● EXERCISE REQUIREMENTS
From the line with "Malala Yousafzai, Parliament" through the line with "Blacknecked Grebe Colonies (Maclean 1993B)", inclusive, return each line of the data below exactly and leave the rest out.

● DATA EXCERPTS
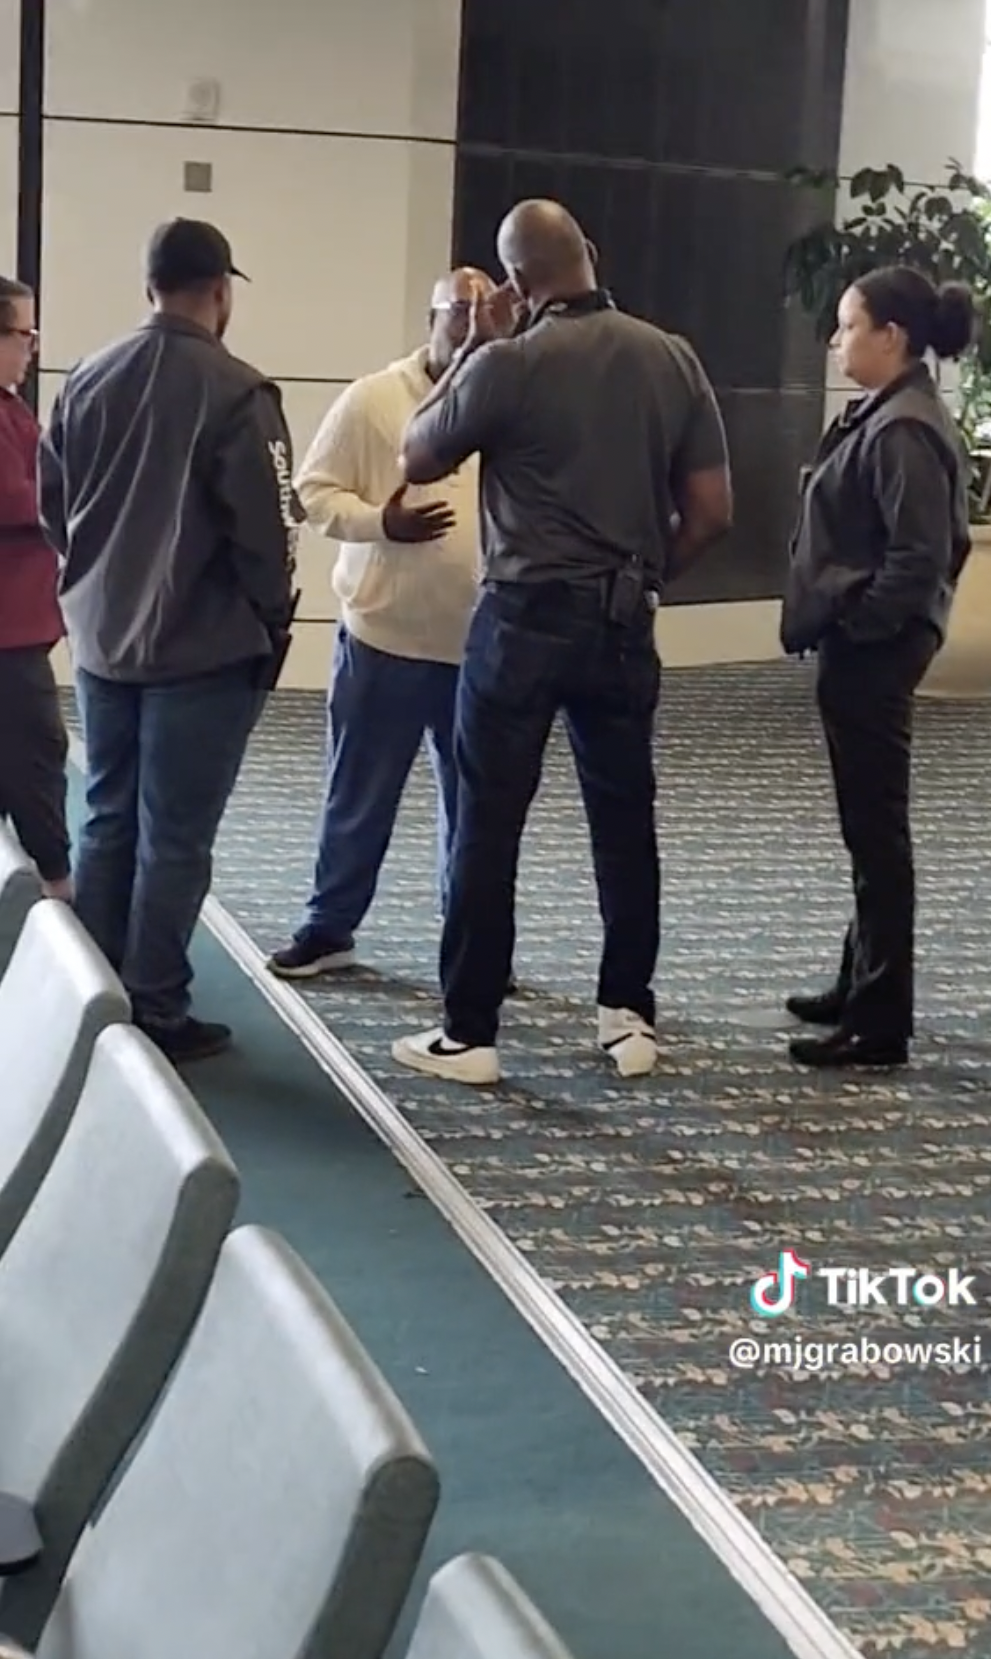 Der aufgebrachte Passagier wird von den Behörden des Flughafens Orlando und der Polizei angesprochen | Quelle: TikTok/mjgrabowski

==

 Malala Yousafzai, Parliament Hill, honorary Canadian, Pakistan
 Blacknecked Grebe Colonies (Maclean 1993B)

● RESPONSE BOX
 Malala Yousafzai, Parliament Hill, honorary Canadian, Pakistan
 Blacknecked Grebe Colonies (Maclean 1993B)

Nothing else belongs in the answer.